Work to be completed :: In the material below, the lines from the one containing "edding 90 Glassboard" through the one containing "Singapur. El Marina" are to be given again exactly, ends included, and no others.

Given information ::
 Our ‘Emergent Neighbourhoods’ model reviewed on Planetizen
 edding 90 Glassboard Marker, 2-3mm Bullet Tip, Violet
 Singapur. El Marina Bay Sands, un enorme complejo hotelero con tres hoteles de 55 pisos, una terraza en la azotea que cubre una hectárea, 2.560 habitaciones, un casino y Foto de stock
==
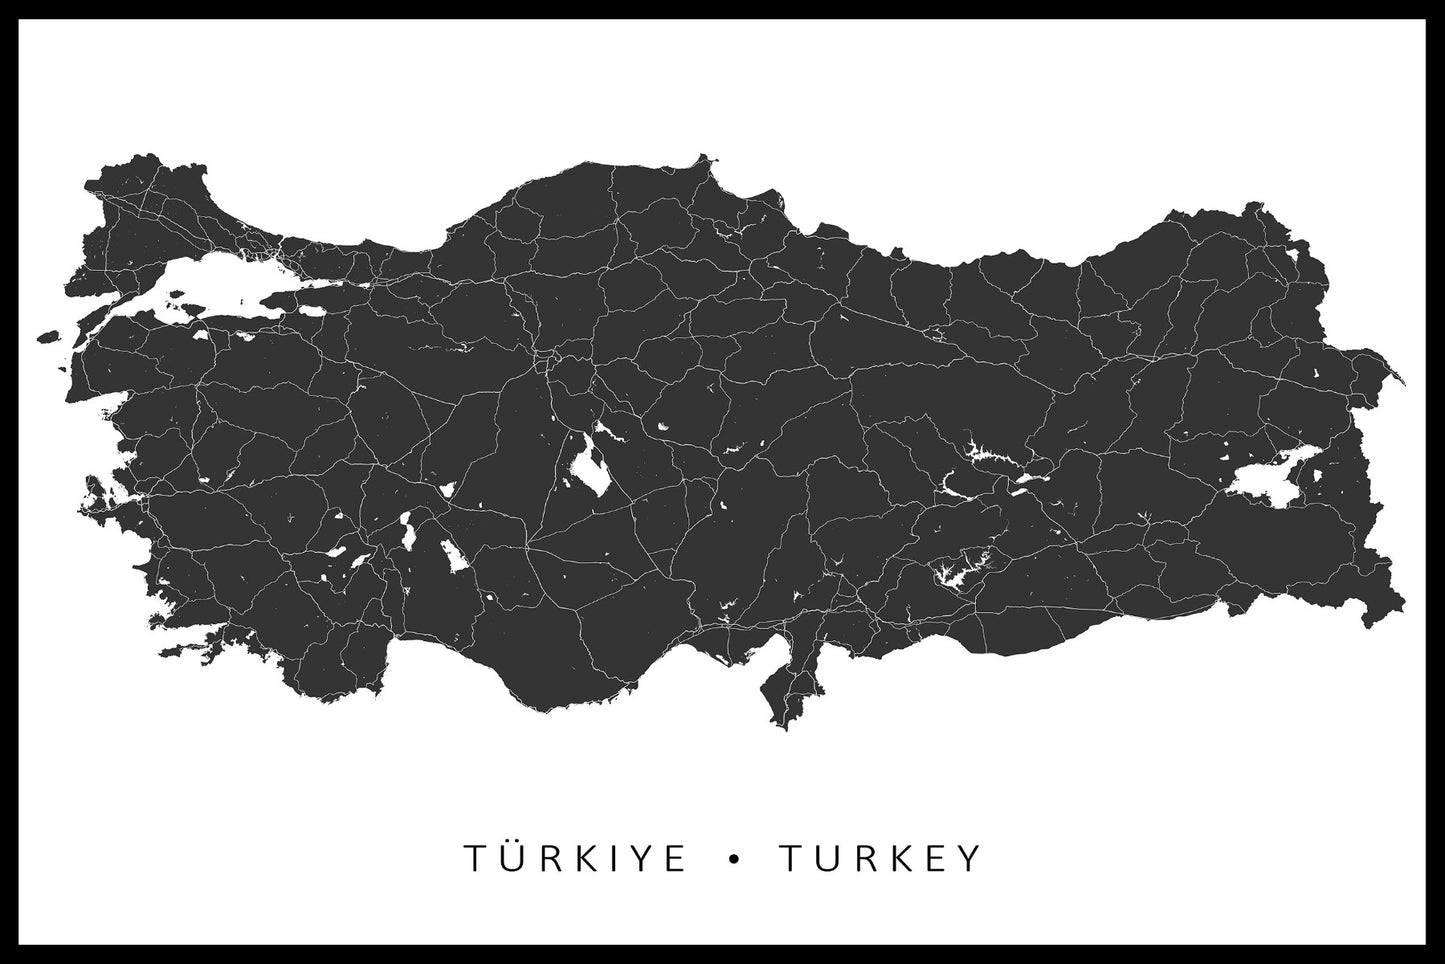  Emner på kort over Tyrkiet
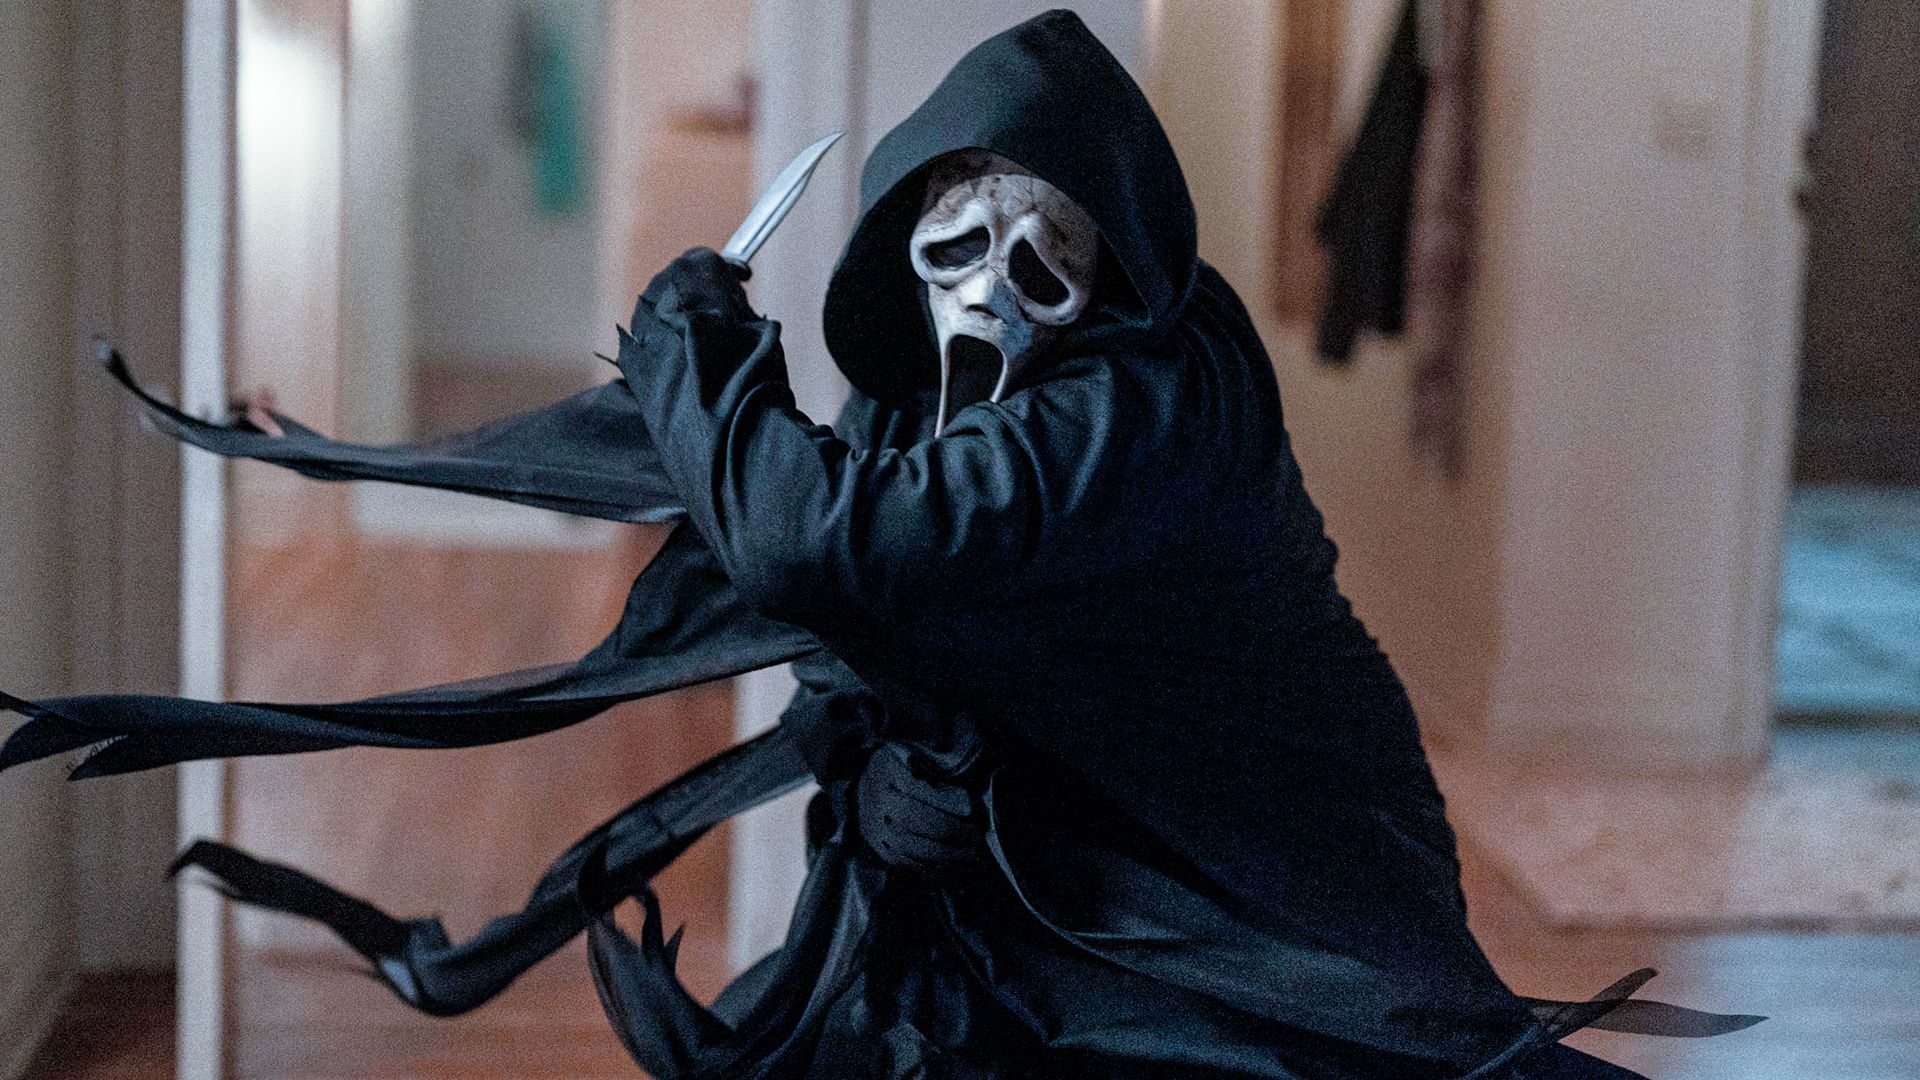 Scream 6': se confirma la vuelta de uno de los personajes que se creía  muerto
...
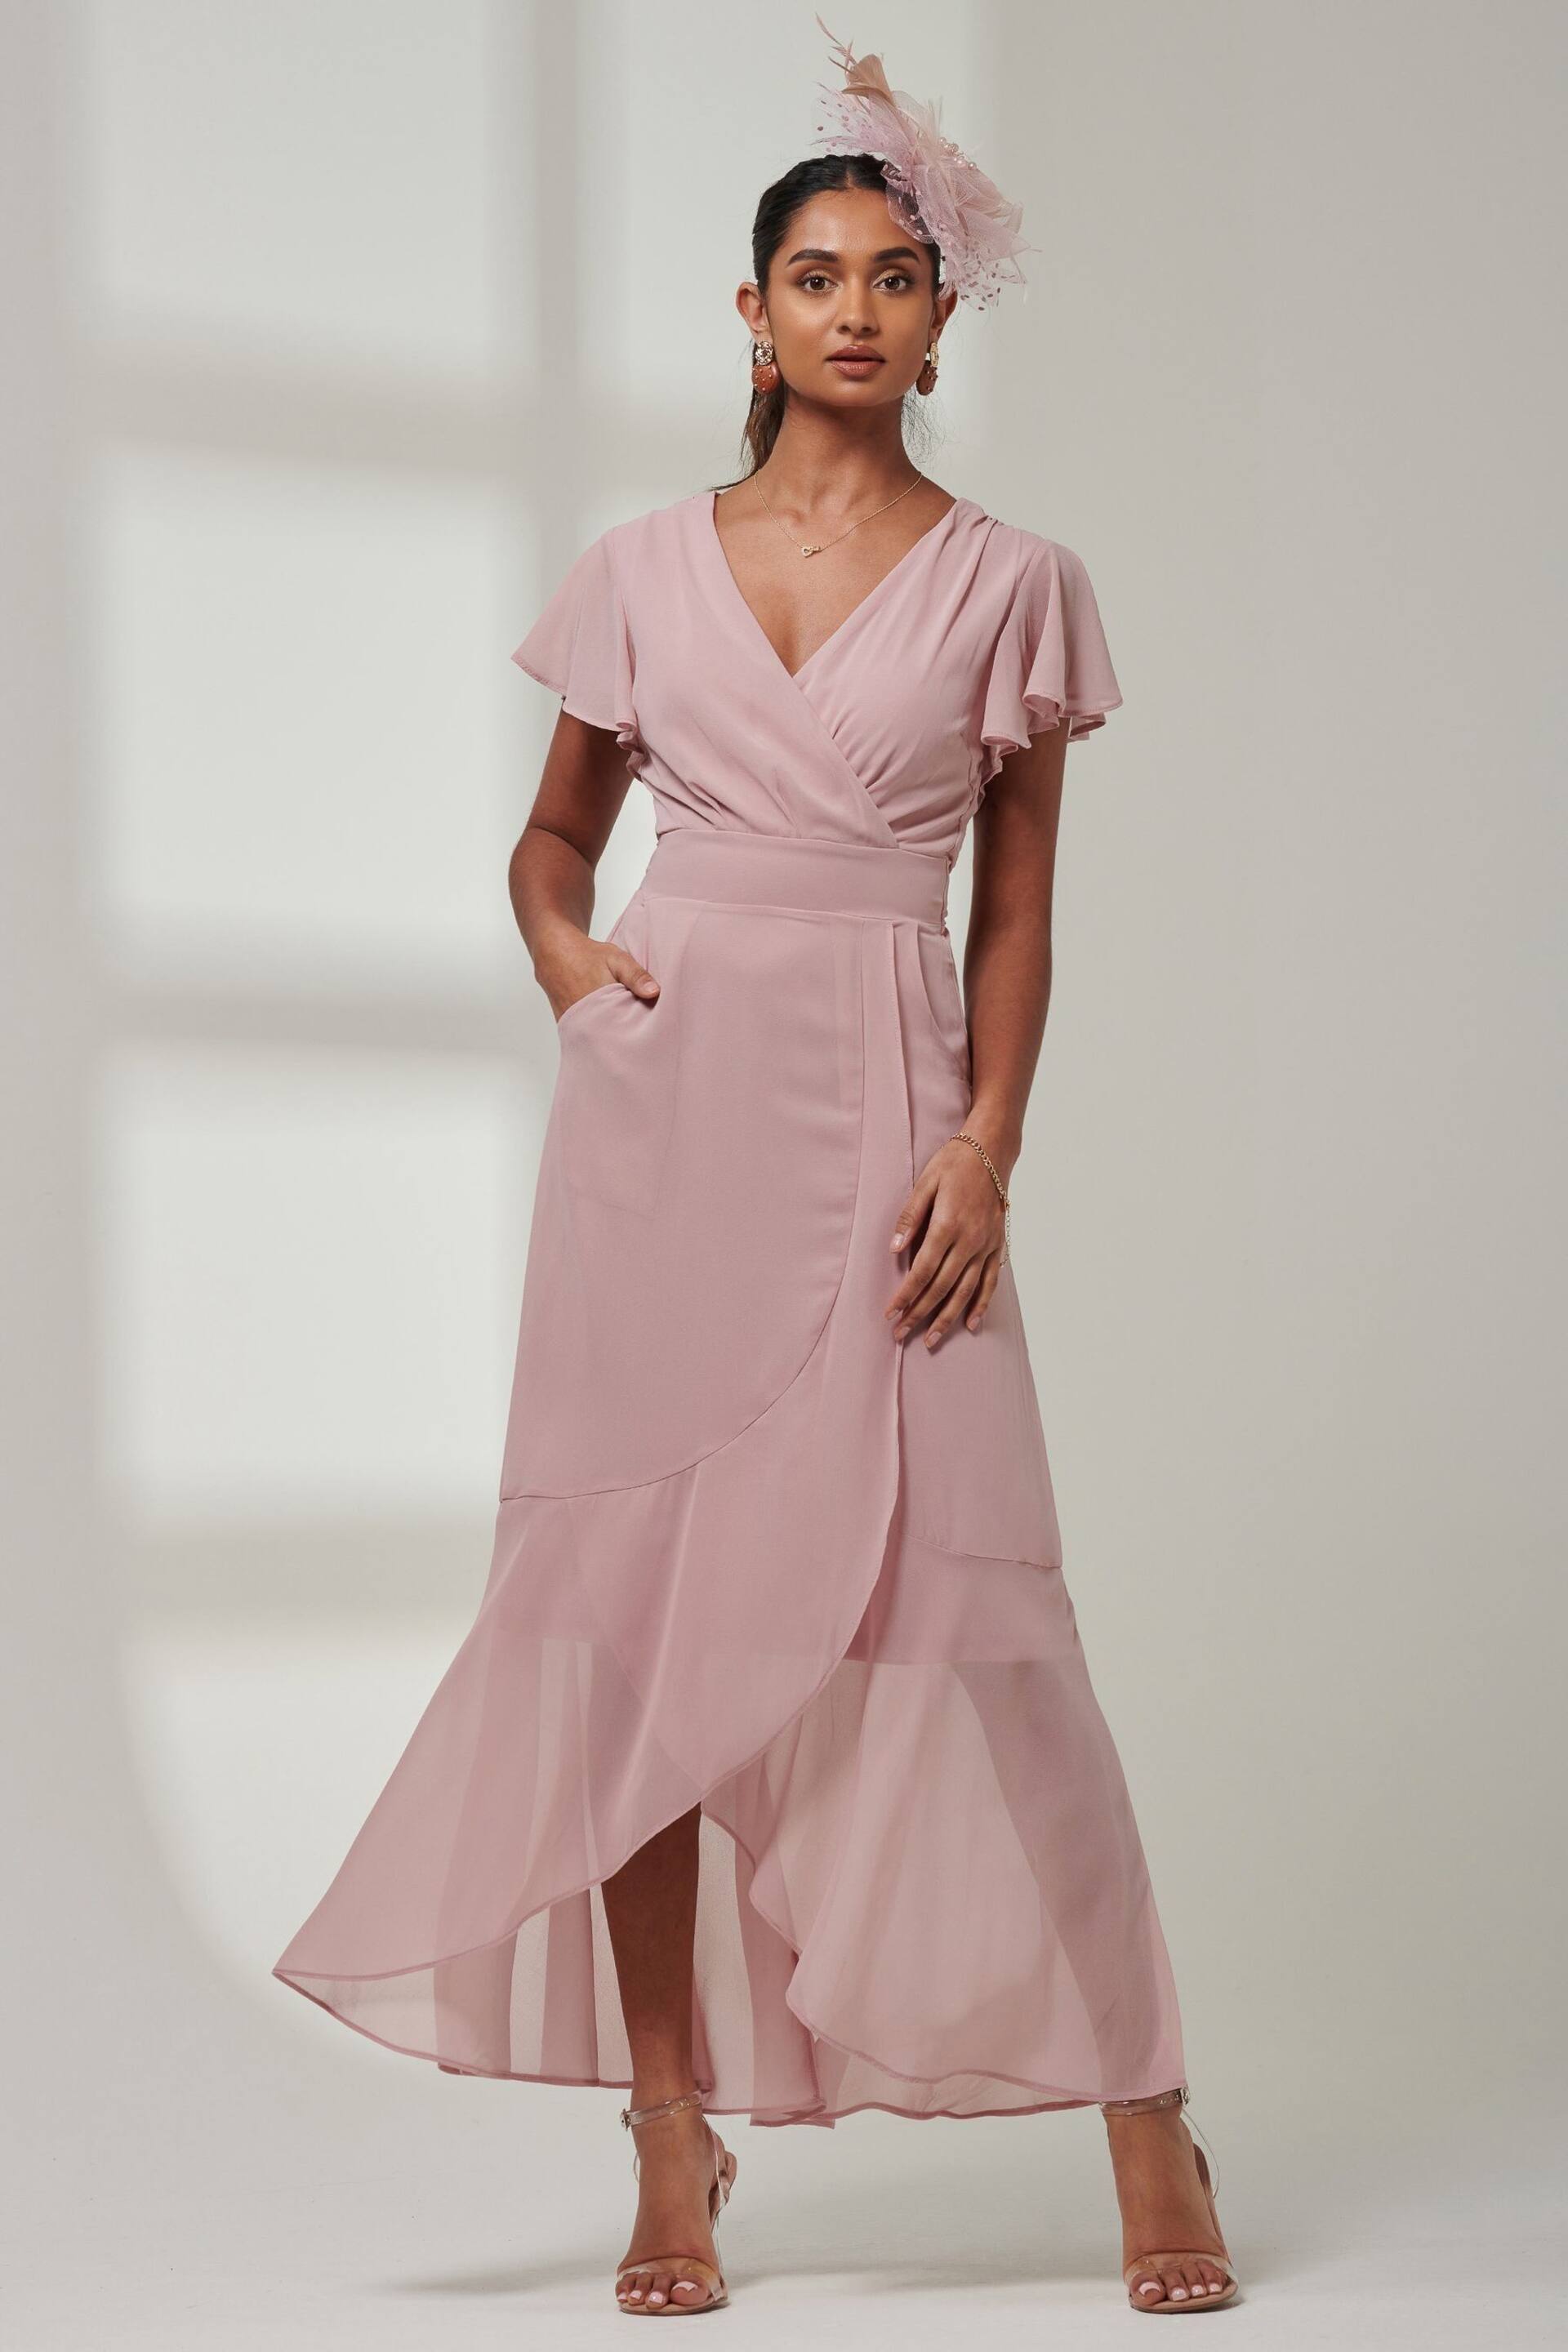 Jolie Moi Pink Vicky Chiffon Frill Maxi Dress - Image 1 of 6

Response ::
 edding 90 Glassboard Marker, 2-3mm Bullet Tip, Violet
 Singapur. El Marina Bay Sands, un enorme complejo hotelero con tres hoteles de 55 pisos, una terraza en la azotea que cubre una hectárea, 2.560 habitaciones, un casino y Foto de stock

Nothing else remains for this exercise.